Shillman cited the interest among the SEC commissioners as a major reason why he believes the schedule will be stuck to. In his eyes, the industry might be able to avoid delays that are expected with a project this size thanks to the work done by the SROs developing the detailed NMS plan. Goldman’s Emero had a different take, urging the timeline to be adjustable.

“If things that are very critical to the overall timeline of reaching development don’t happen in a timely manner, we think that the overall plan for CAT should depend on those milestones. If there are delays in specifications, that shouldn’t cut into the timeline for implementation and testing. If there are delays in getting the testing environments up and running, that shouldn’t cut into the time that the industry SROs have to test,” Emero said. “We have to make sure that we don’t short circuit the process in order to meet an arbitrary deadline.
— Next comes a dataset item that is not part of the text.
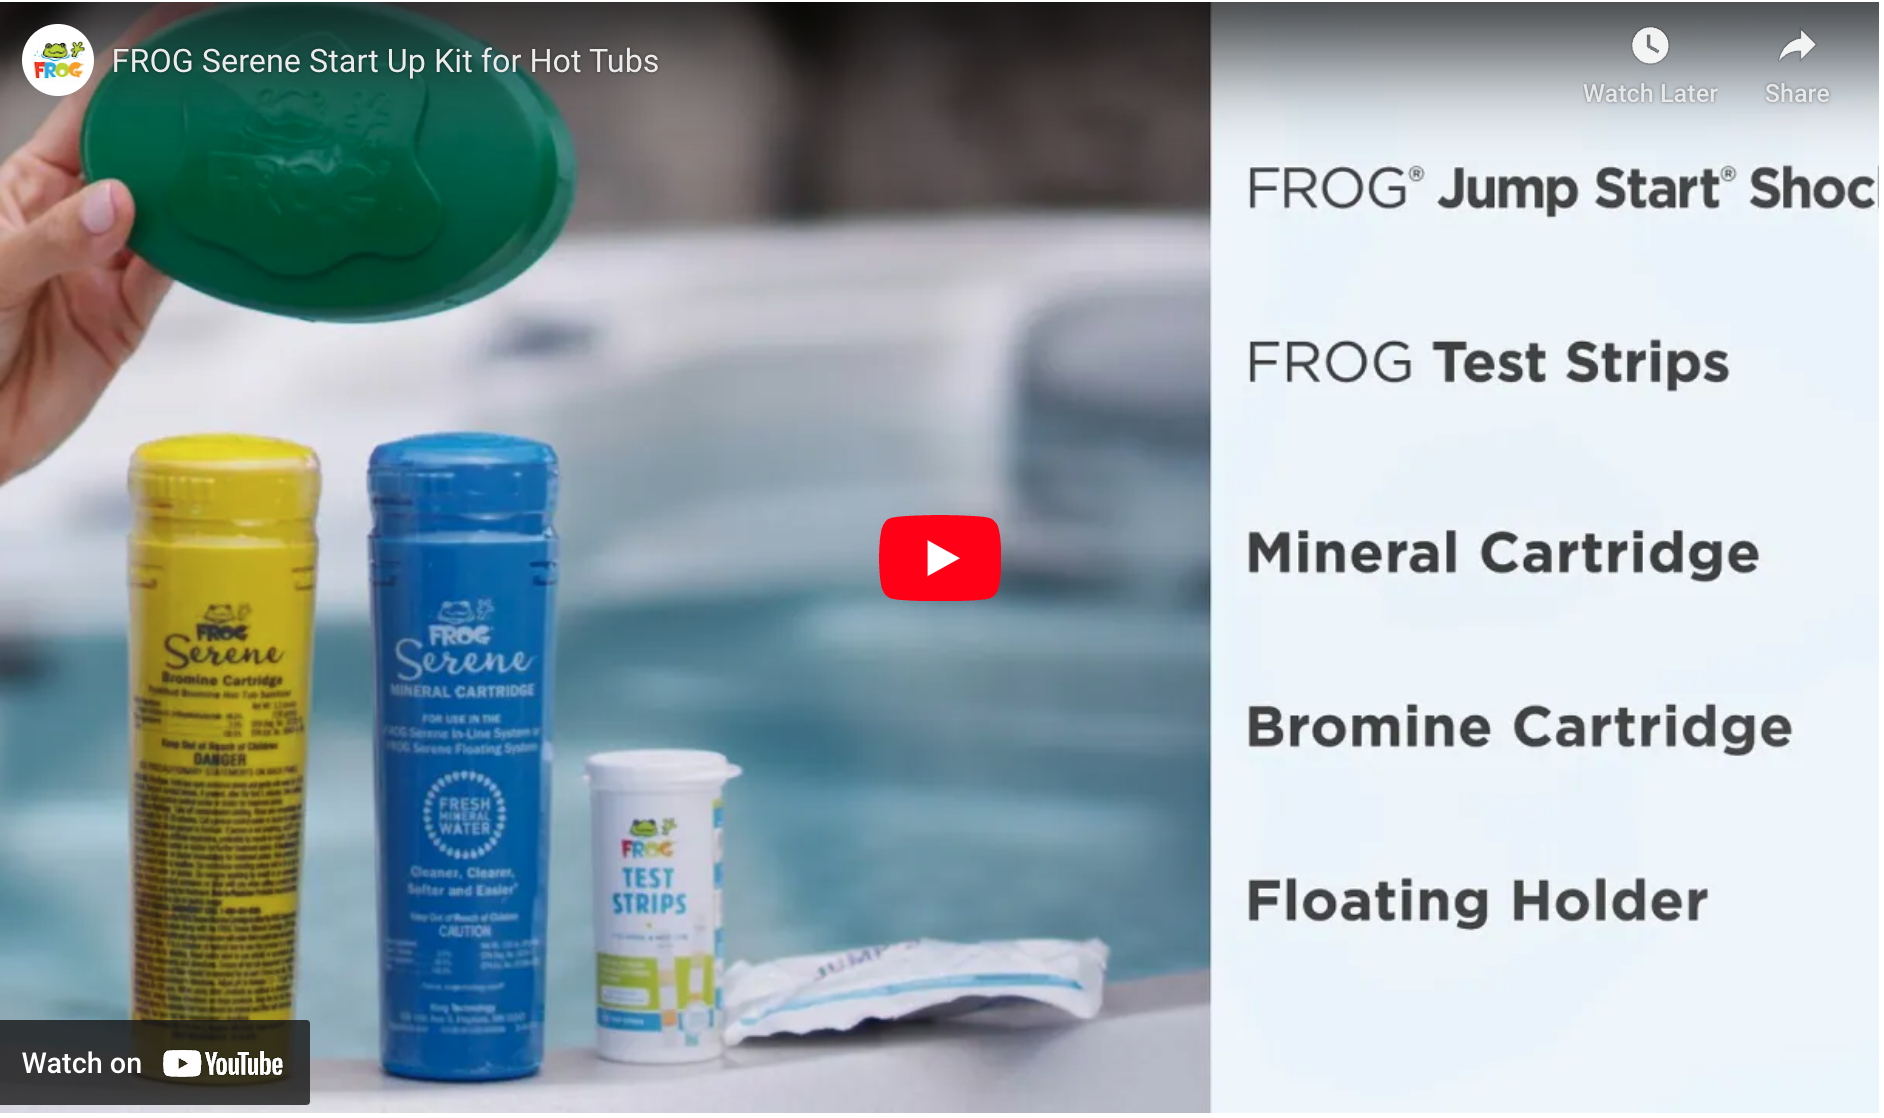 FROG Serene Start Up Kit for Hot Tubs

It’s important that we do it right—that we build it once and don’t have to redo it multiple times down the road.” 

Salient Points

• The SEC has published a notice regarding the CAT NMS plan and voted to begin accepting public comments on it on April 27. The regulators now have 180 days to approve the plan.
• Cybersecurity is still a major issue for the CAT. Firms’ interest in having the necessary protocols and systems around their data has increased significantly since the CAT was first approved by the SEC in 2012. 
• The retirement of redundant systems is also a hot topic. Finra’s OATS is the biggest of that group. The SEC notice said it could take two to two-and-a-half years after reporting to the CAT has begun before OATS can be shut down, a sentiment many disagree with.